WHAT TO WORK ON: Note on the material below: return exactly the lines from the line that holds "Buzzy colourful bouquets, stunning" through the line that holds "Платье принцессы для", and leave out each picture.

THE INPUT:
..............................

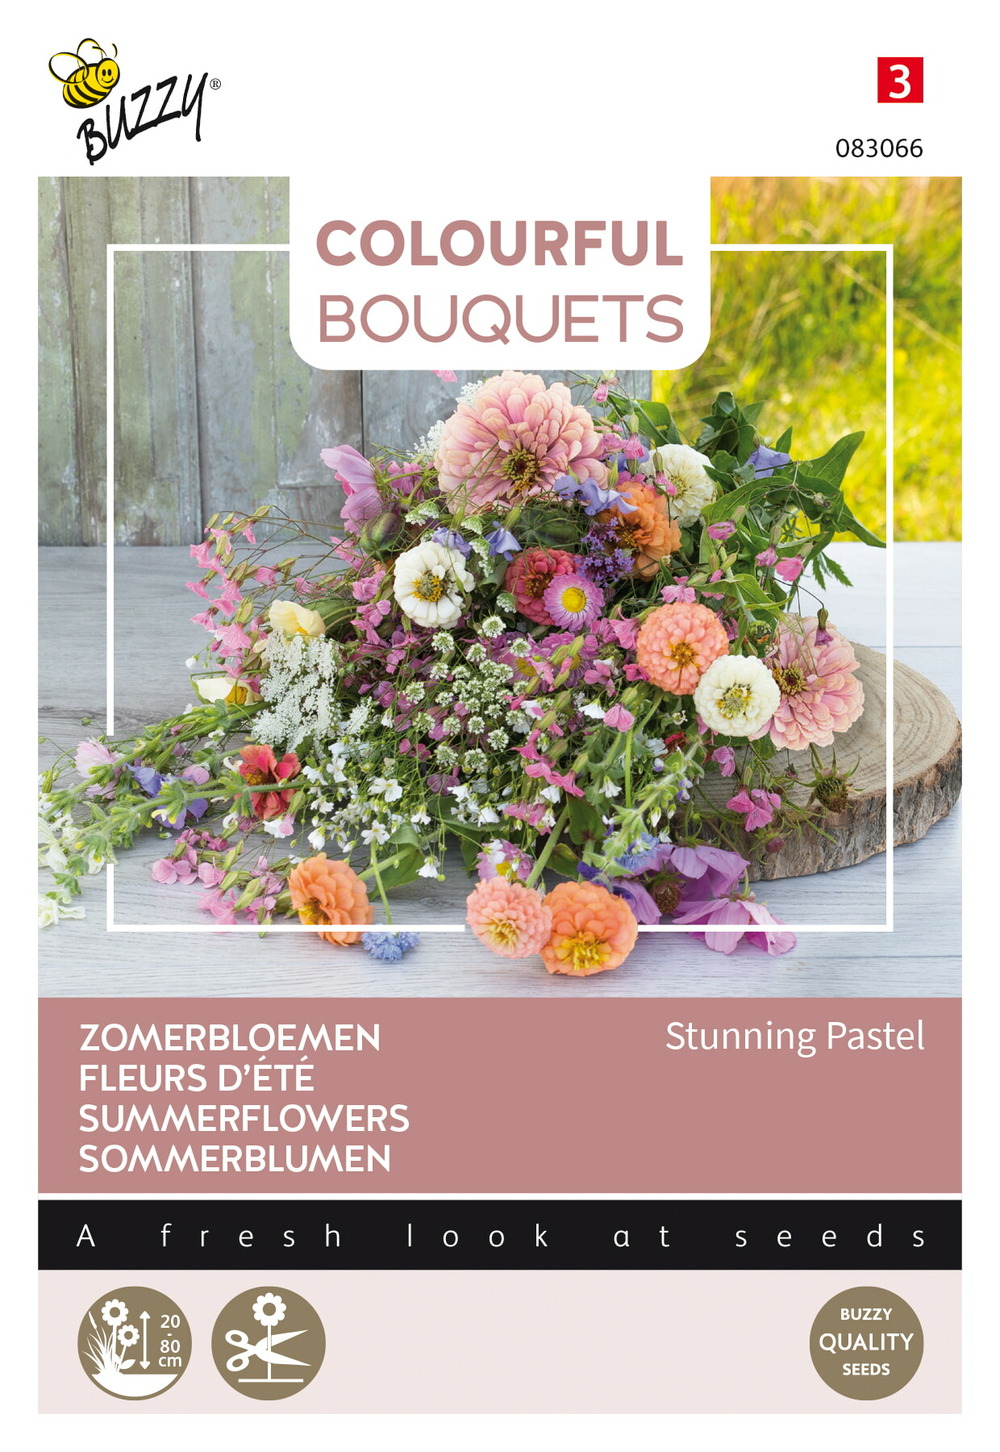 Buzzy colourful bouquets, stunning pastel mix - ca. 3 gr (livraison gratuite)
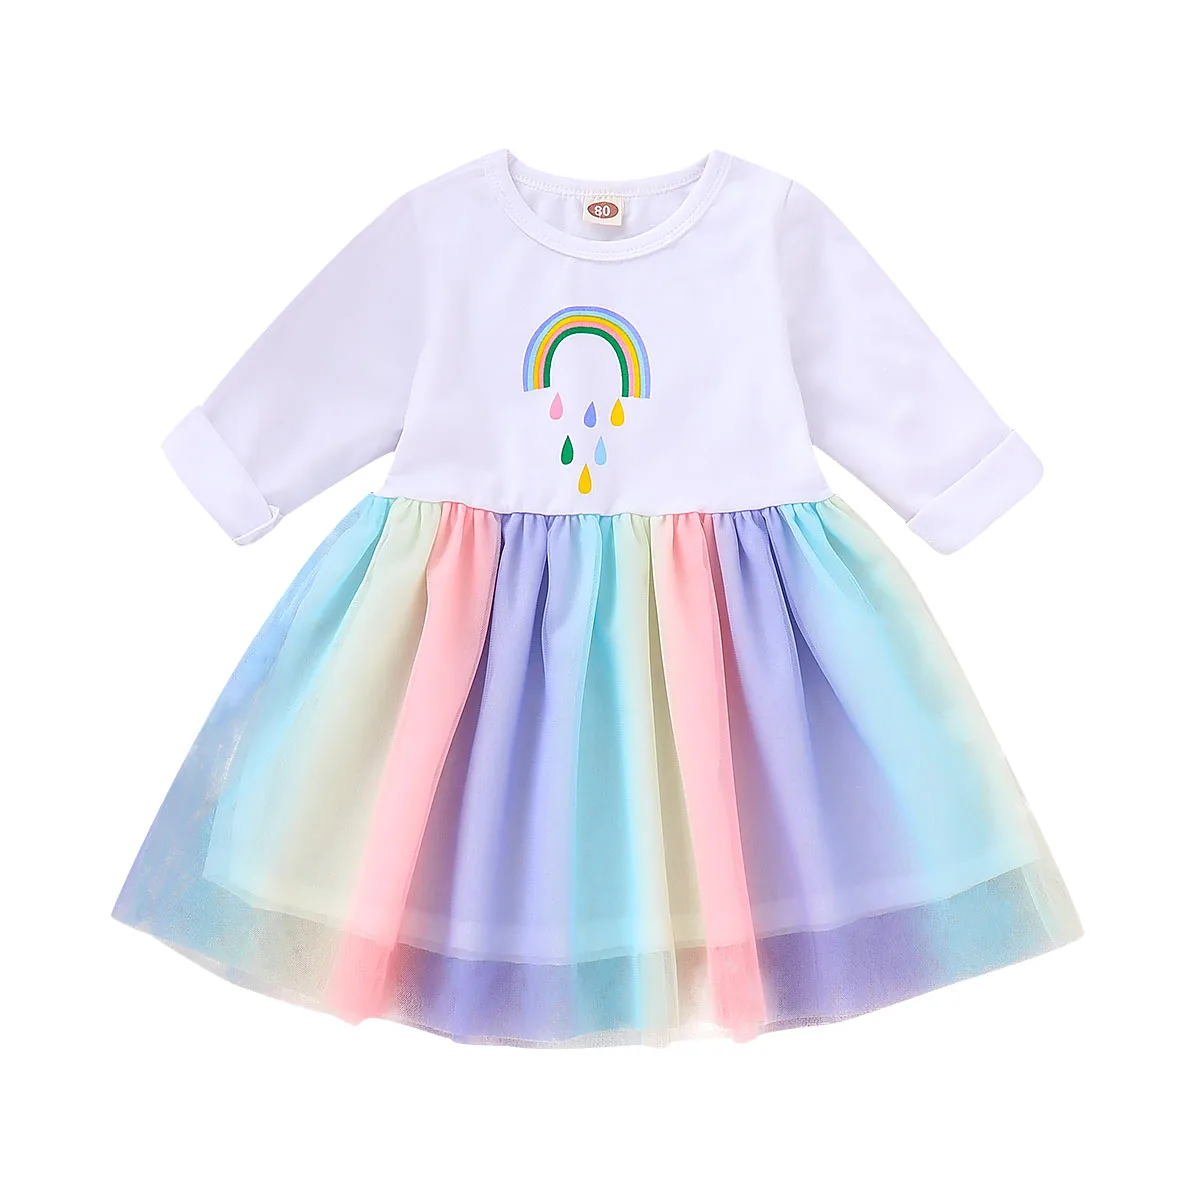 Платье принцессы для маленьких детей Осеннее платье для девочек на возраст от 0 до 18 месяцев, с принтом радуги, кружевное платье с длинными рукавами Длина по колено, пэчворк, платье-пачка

..............................

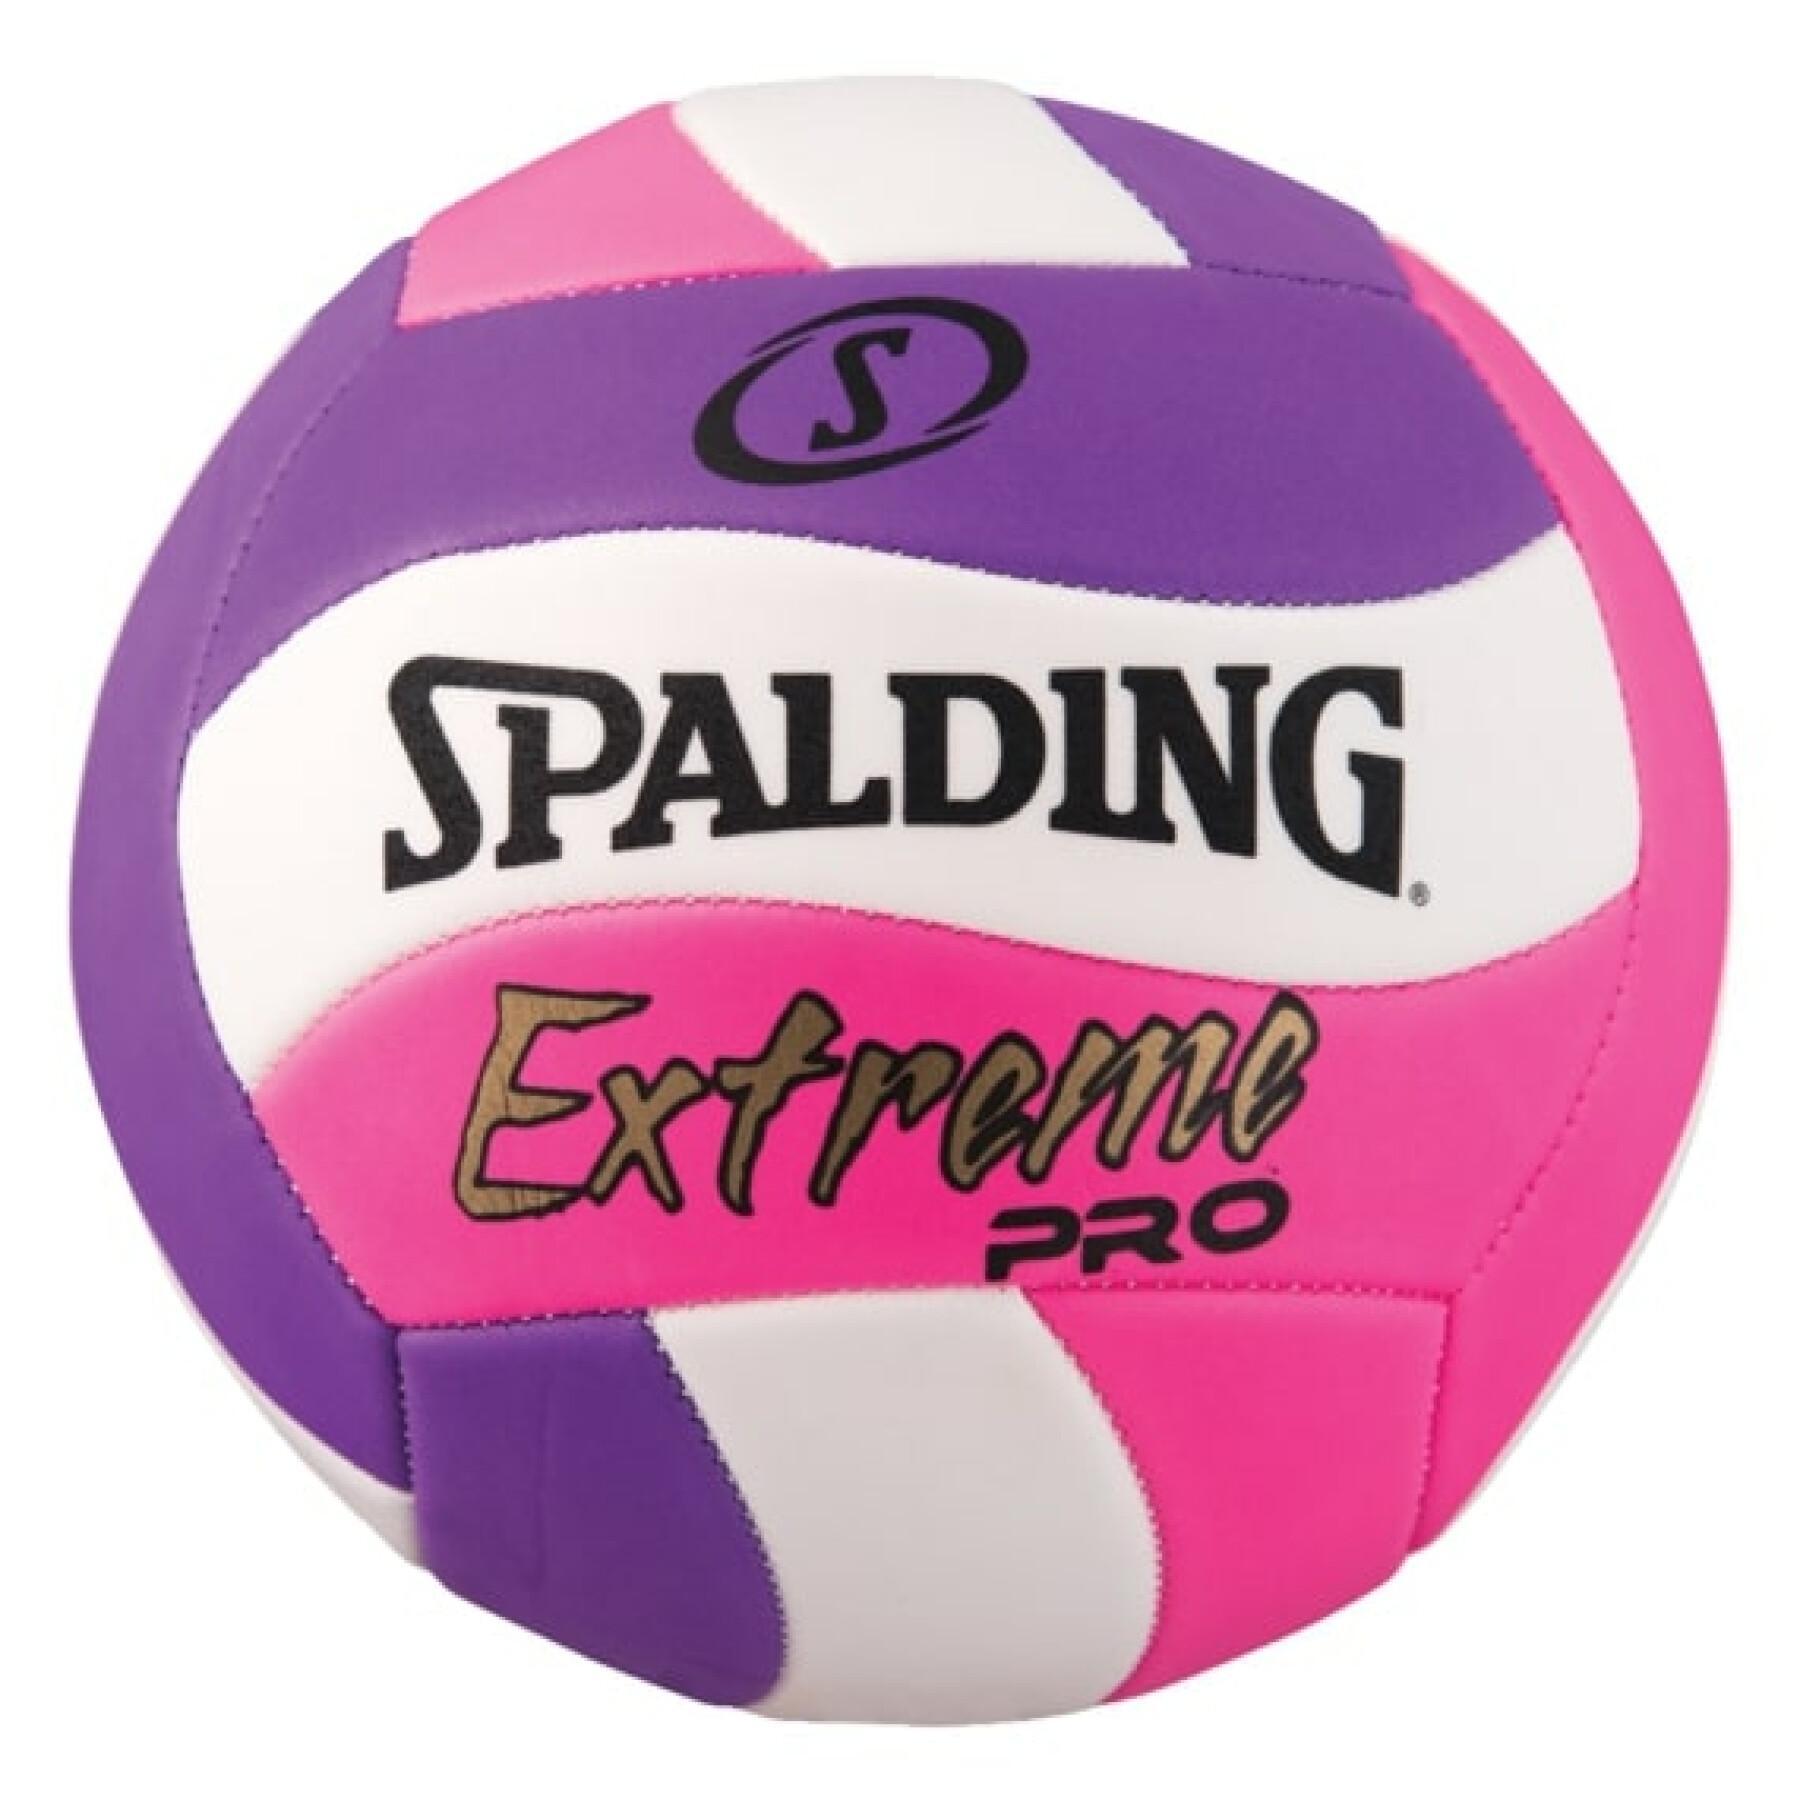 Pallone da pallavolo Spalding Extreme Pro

..............................

OUTPUT FOR THIS EXERCISE:
 Buzzy colourful bouquets, stunning pastel mix - ca. 3 gr (livraison gratuite)
 Платье принцессы для маленьких детей Осеннее платье для девочек на возраст от 0 до 18 месяцев, с принтом радуги, кружевное платье с длинными рукавами Длина по колено, пэчворк, платье-пачка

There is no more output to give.